Así, pues, ¿cuál es nuestra tarea? Nuestra tarea como creyentes es profundizar hacia una empatía
siempre creciente entre unos y otros, por medio de todas las maneras denominacionales y religiosas de
pensar. Ese es el auténtico itinerario para el diálogo ecuménico e interreligioso. A riesgo de sonar
herético o desleal a mi propia tradición de fe, digo esto. Nuestra tarea no es emprender el logro de
convertidos, tratar de persuadir a otros a que se unan a nuestra propia iglesia. Nuestra tarea es entrar
siempre más profunda, fiel y amorosamente en nuestra propia iglesia y denominación, aun cuando nos
empeñemos en estar en una empatía más profunda con todos los otros que adoran a Dios
diferentemente a como lo hacemos nosotros.
El renombrado eclesiólogo Avery Dulles enseñó que el camino hacia el ecumenismo cristiano y el
diálogo interreligioso no es el camino de la conversión, de intentar conseguir que otros se conviertan a
nuestra iglesia particular. El camino que seguir (en palabras suyas) es el camino del “gradualismo
progresivo”, esto es, el de cada uno de nosotros siendo siempre más fiel a Dios dentro de nuestra
tradición, de modo que mientras cada uno de nosotros crezca más cerca de Dios (y para los cristianos,
de Cristo) creceremos más cerca unos de otros y de todas las personas de sincera fe. La unidad que
buscamos no se halla en una única iglesia o comunidad de fe que al fin convierta a todos los otros a
unirse a ella, sino en que cada uno de sincera fe venga a ser progresivamente más fiel a Dios, de modo
que la unidad que deseamos pueda tener lugar algún día en el futuro, dependiendo de nuestra propia
fidelidad más profunda dentro de nuestra propia tradición de fe.
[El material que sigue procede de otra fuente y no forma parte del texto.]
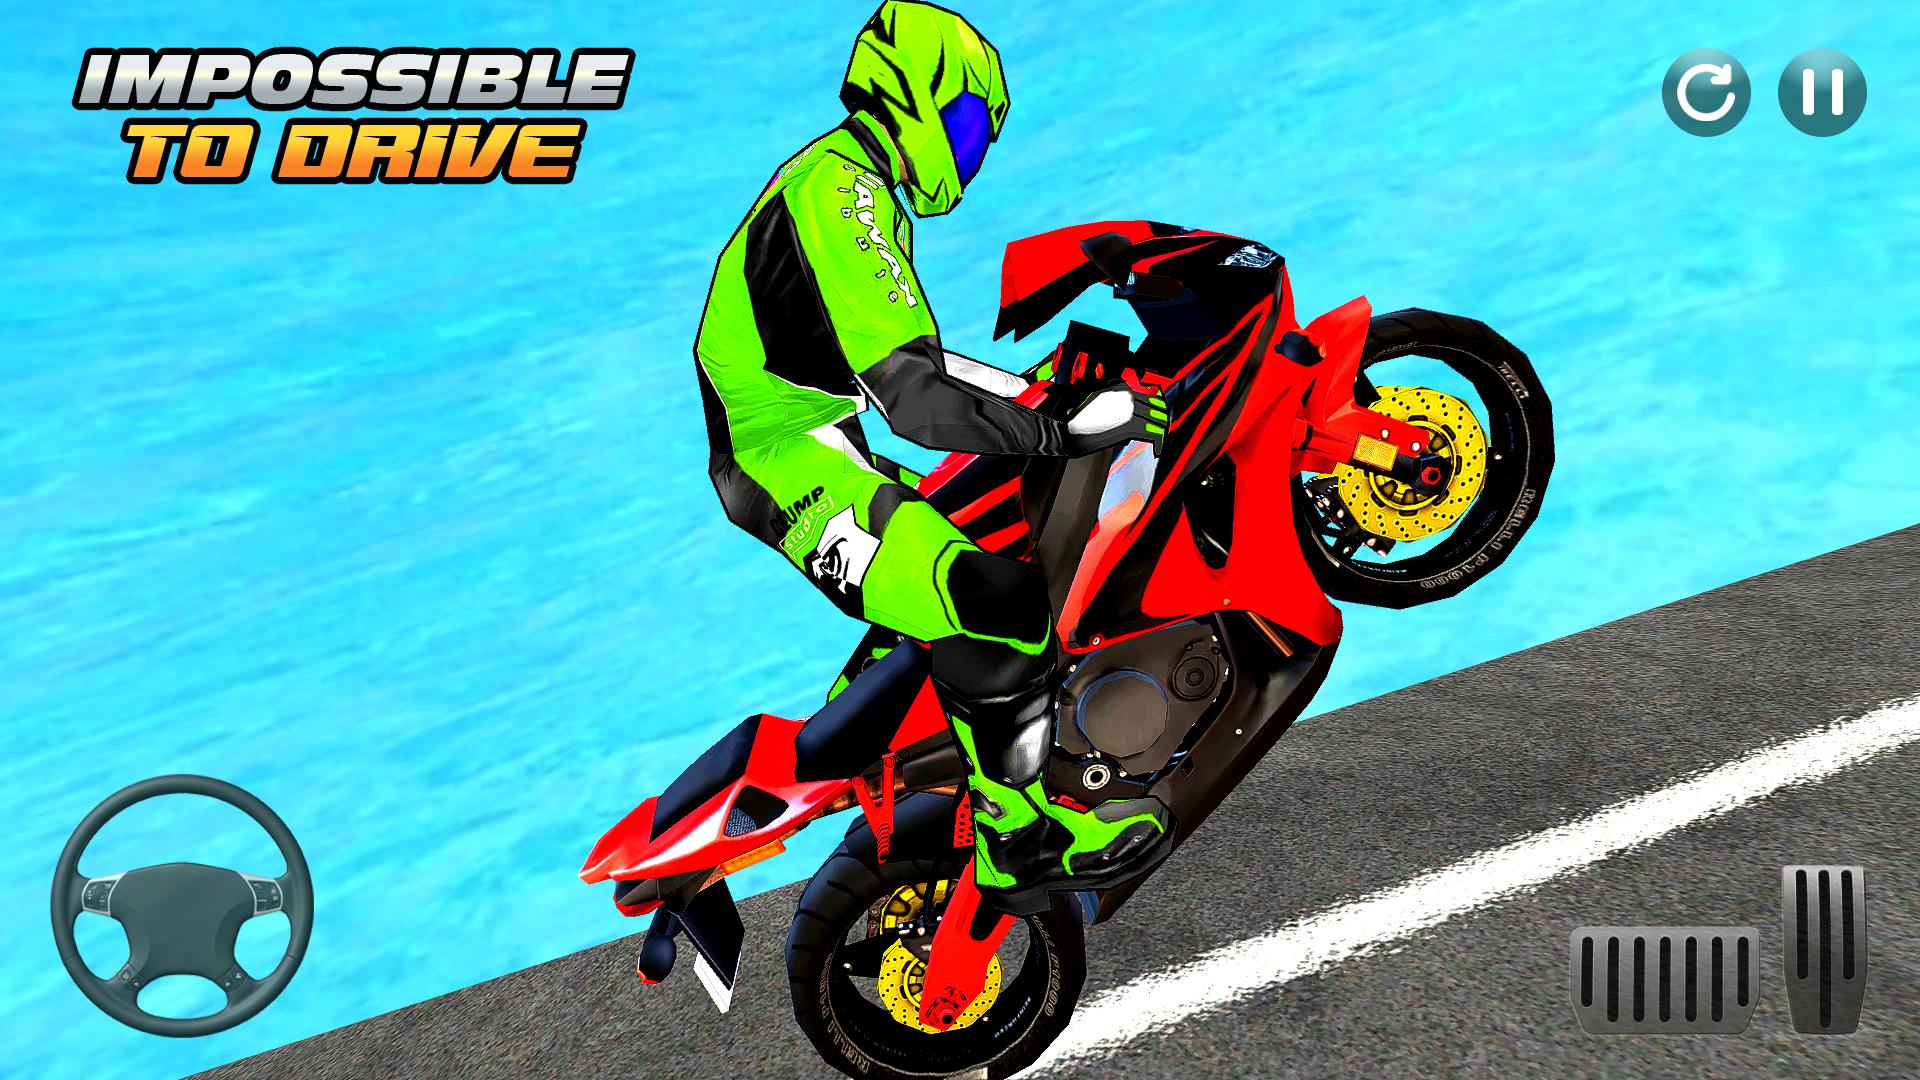 कार गेम Bike Wala Gadi Game APK voor Android Download - Screen 1.jpg?fakeurl=1&type=
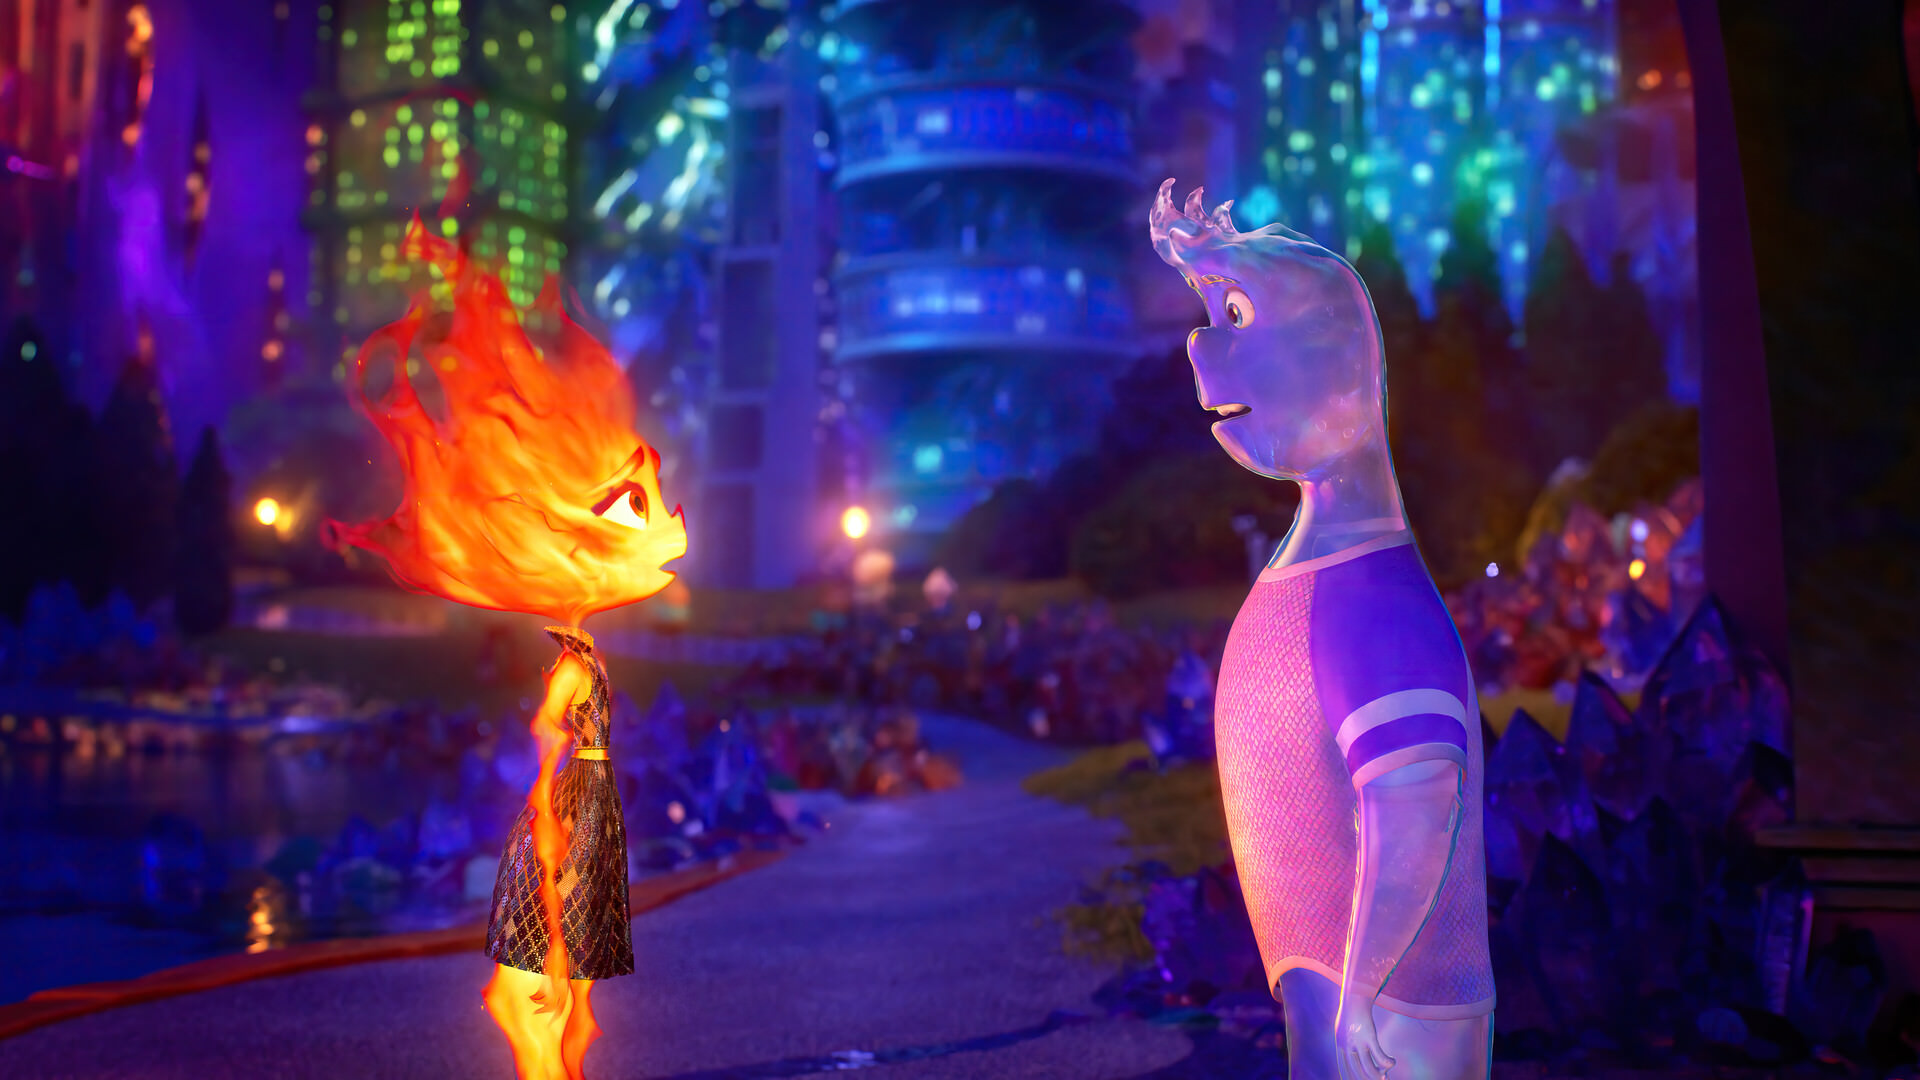 خلق رنگین کمان در اولین ویدیو انیمیشن Elemental پیکسار و دیزنی

Nuestra tarea en tal caso no es la de tratar de convertir a otros para que se unan a nuestra propia
iglesia, sino la de profundizar más en nuestra propia iglesia, aun cuando hagamos lo imposible por
estar en una empatía siempre más profunda con otras iglesias y otras creencias. Necesitamos ser
hermanos y hermanas mutuamente, reconociendo que ya tenemos un Dios compartido, una humanidad
compartida y unas angustias compartidas.
Esto no implica que todas las religiones sean iguales, sino que más bien ninguno de nosotros está
viviendo la verdad plena y que el camino que seguir se funda en una conversión personal más profunda
dentro de nuestra propia fe y una relación más empática hacia otras creencias.